When I first started bellydancing five years ago I was terrified to show my stomach.  I didn’t think I deserved to own one of those beautiful full skirts.  Now I love the way I look in my cholie and skirt. It makes me feel special, like I’m saying “Look at me,  I’m worth seeing.”

Bellydancing has taught me to move my body in ways I didn’t know were possible. I learned how to walk, stand and hold my body with confidence and an attitude that I can feel down to my very center.

Jon says that when I Bellydance it’s who I really am.  I still struggle with that idea, but I think he’s right.
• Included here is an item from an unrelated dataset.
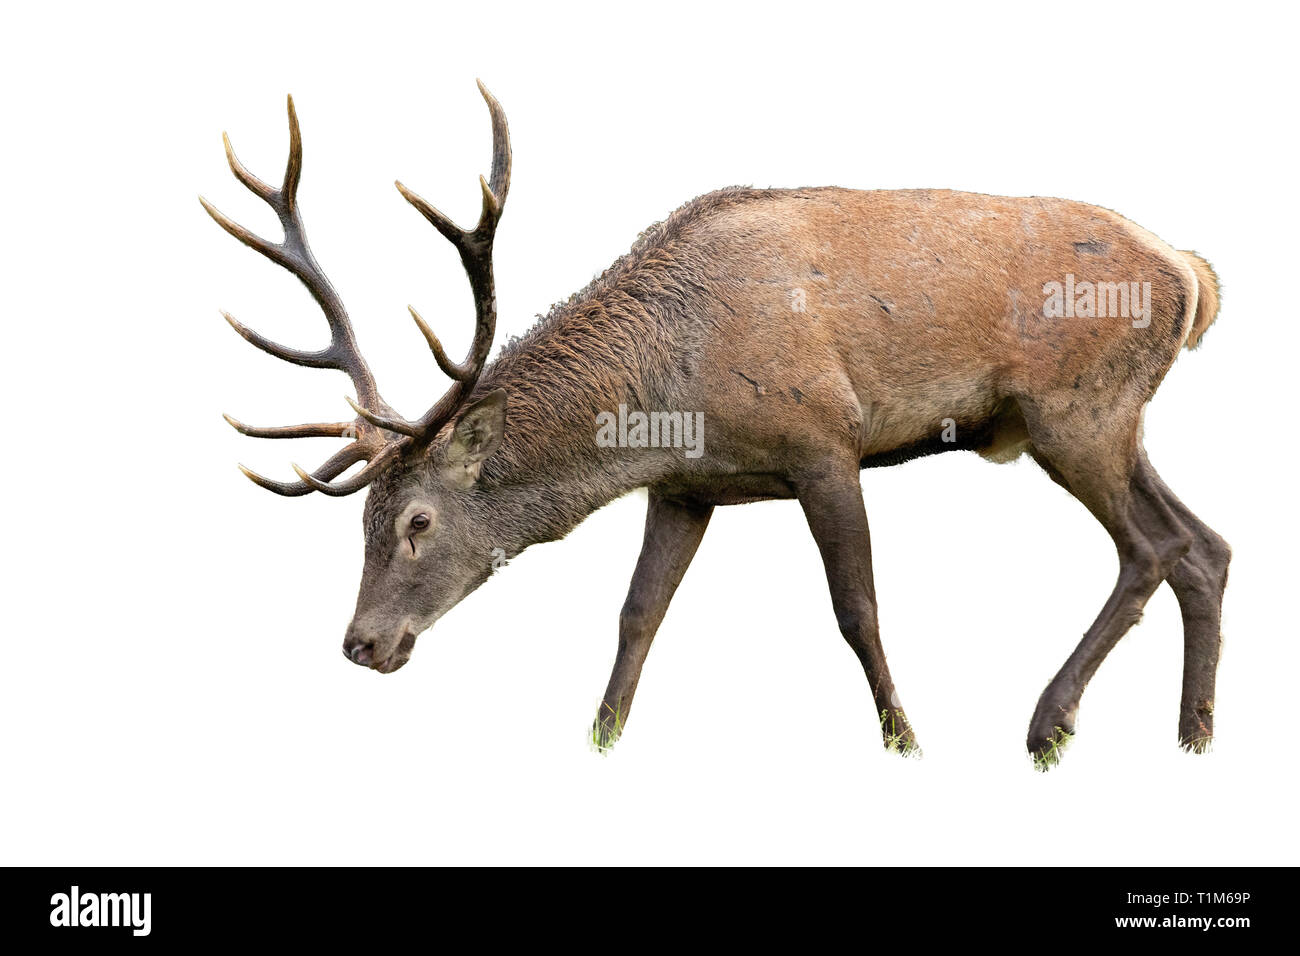 Isolated grazing red deer, cervus elaphus, stag with antlers. Mammal separated on white background with head bowed down. Stock Photo

I can feel something happening when I dance, and as I learn.  As if a part of my self is being excavated, dug up, dusted off and brought into the light.

It’s a slow process and I started late in life, but I’m planning on taking it as far as I can go.
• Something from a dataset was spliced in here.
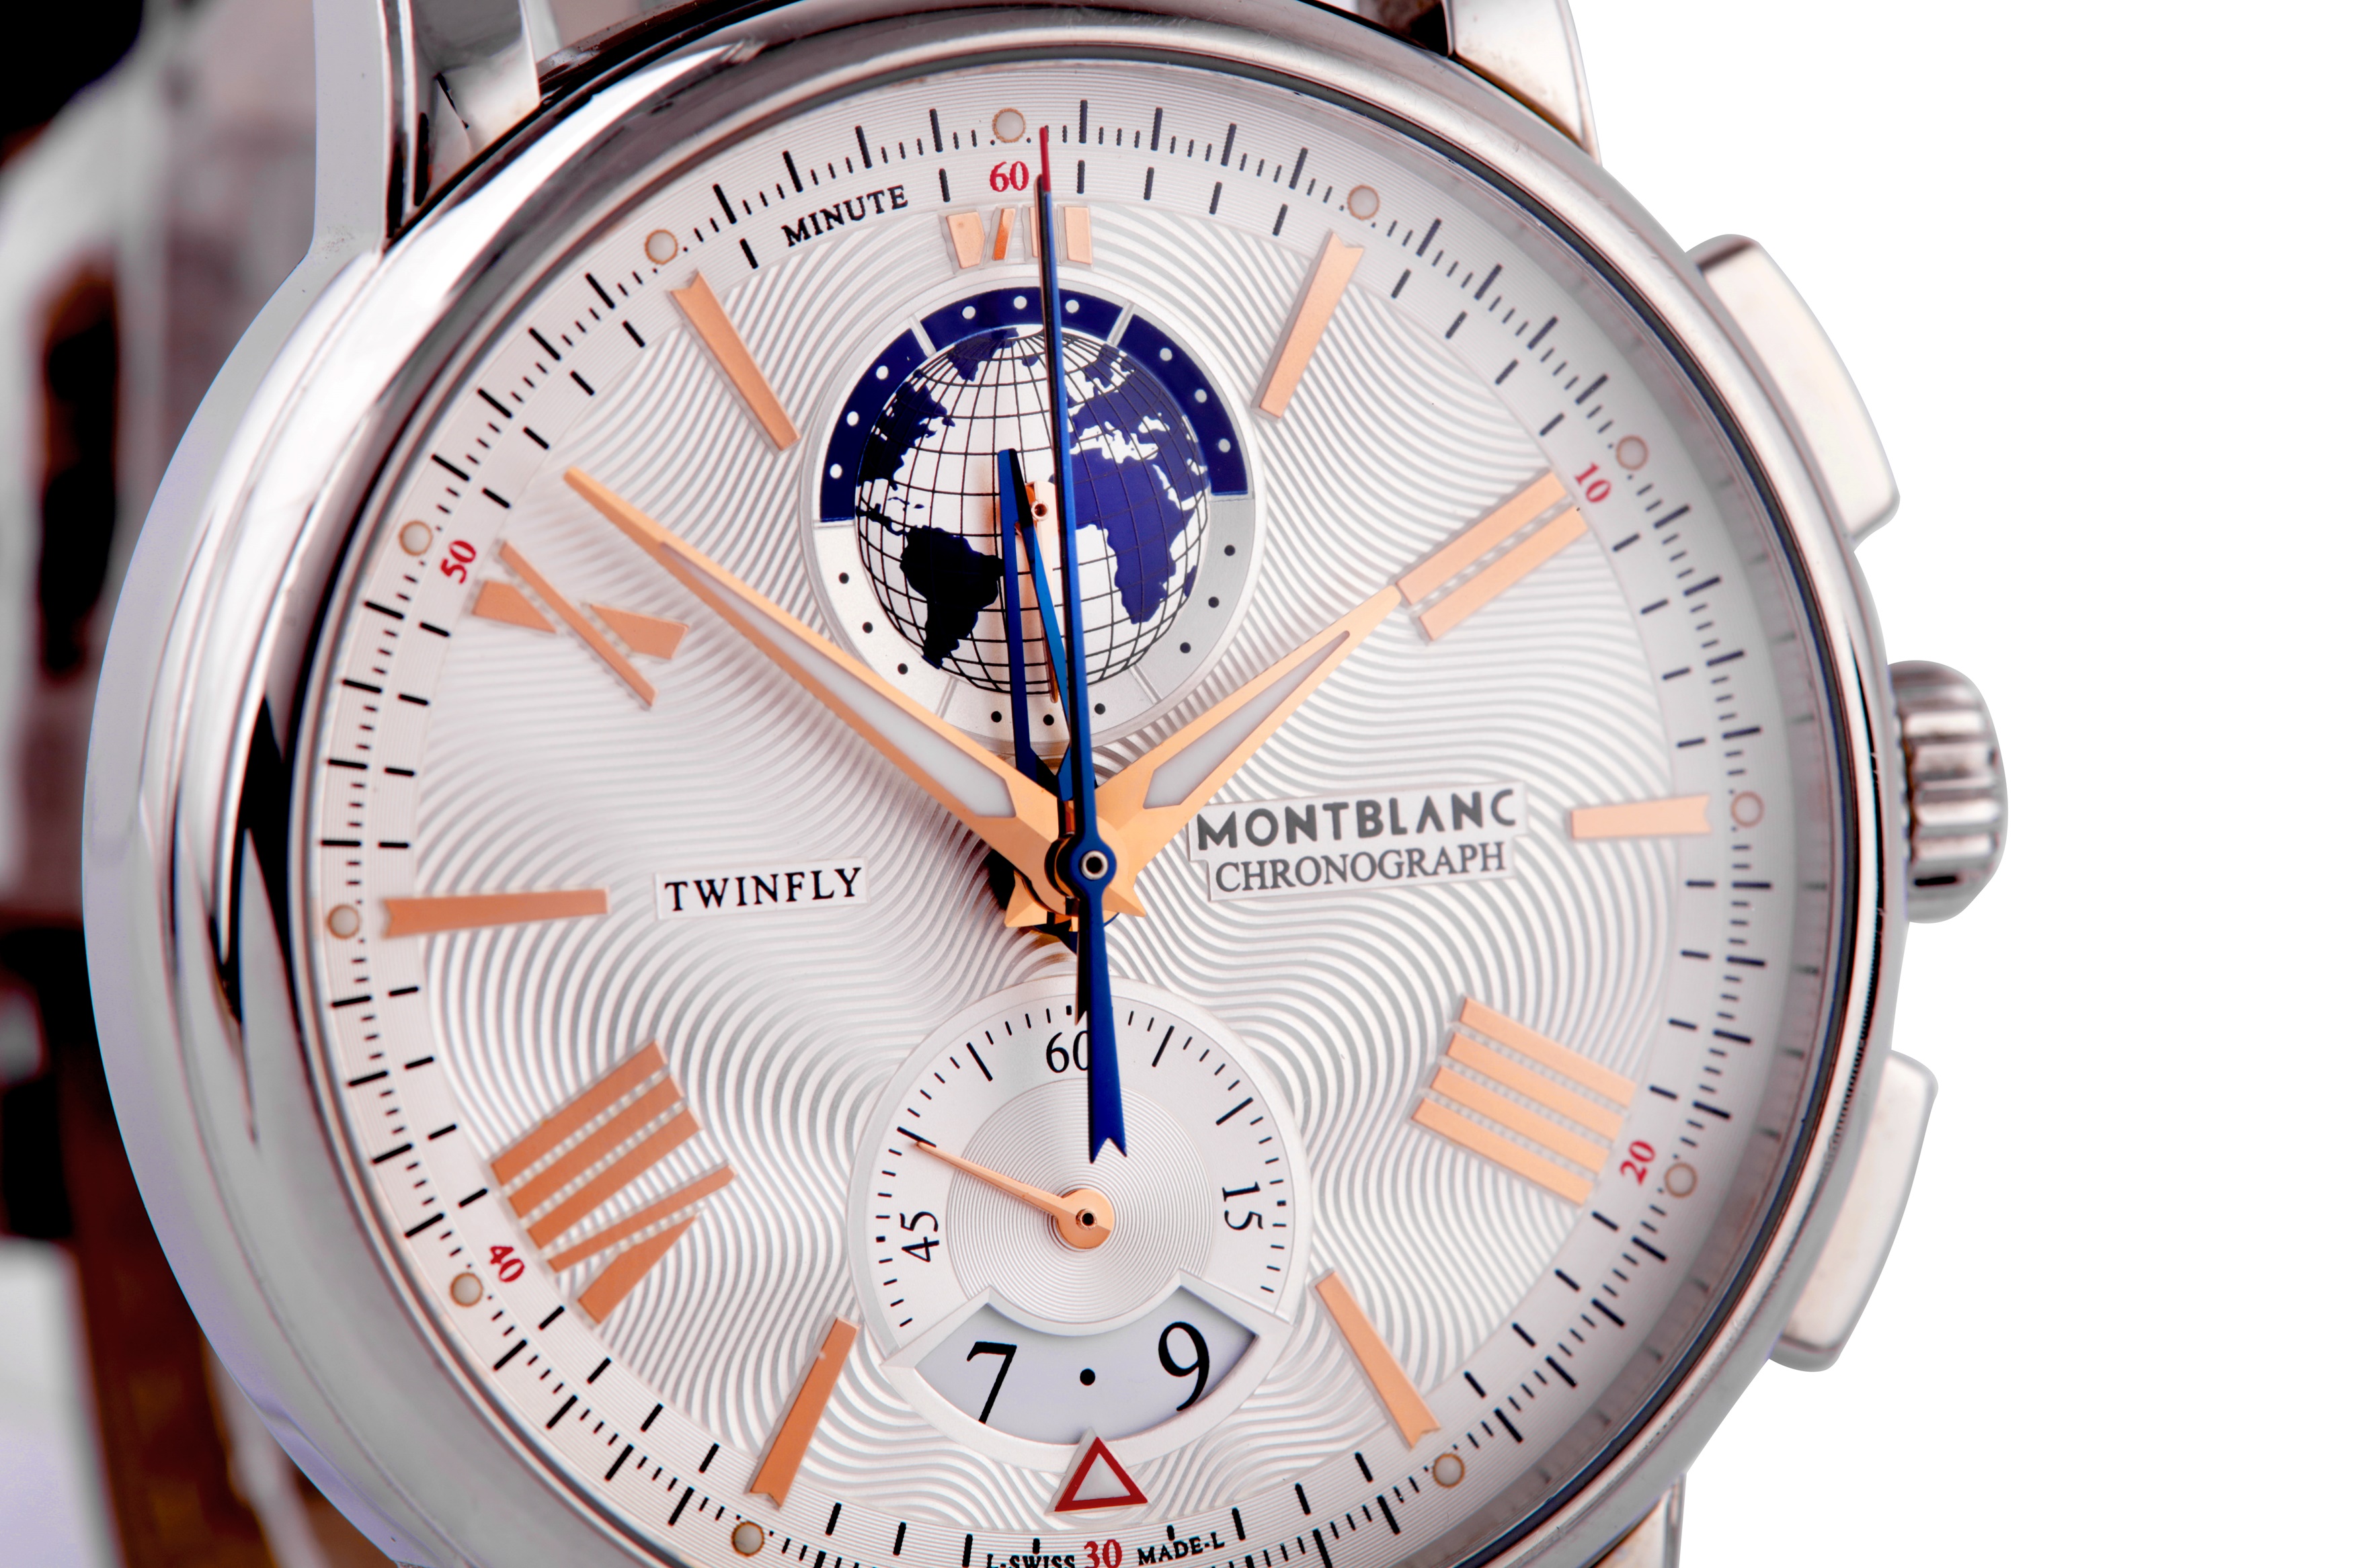 MONTBLANC. 4810 TWINFLY CHRONOGRAPH 110 YEARS EDITION - Image 6 of 8

Yesterday on our way to see a play at the Old Castle Theater in Bennington Vermont Jon and I stopped at our friend Kitty and Charlie’s house for tea.  (We saw the play “Souvenir” about Florence Forster Jenkins, and it was terrific.  We both cried at the end).

I brought my bellydancing skirt and cholie with me because Kat had some pantaloons and scarves that she thought I might be able to use.

Two weeks ago we found out that our Bellydancing toupe was asked to perform at the Bennington Museum on August 25th.  They are celebrating 25 years of their North Bennington Outdoor Sculpture Show and we’re going to be a part of it.

Last week Julz, put together a playlist of the eight songs we’ll be dancing to.  We’ll do two 15-minute sets. So now I’m listening to those songs over and over again to get to know them.  I’m also practicing dancing and Zilling to them.

It will be the first time we’ve performed in years and the first time I’ll be performing in front of an audience that is there specifically to see us.  I’m both excited and nervous.

Kat is one of the founding members of The Bennington Beledi Bellydancers.  She no longer dances but comes to the workout part of our weekly class.  And she has a wonderful collection of Bellydance outfits.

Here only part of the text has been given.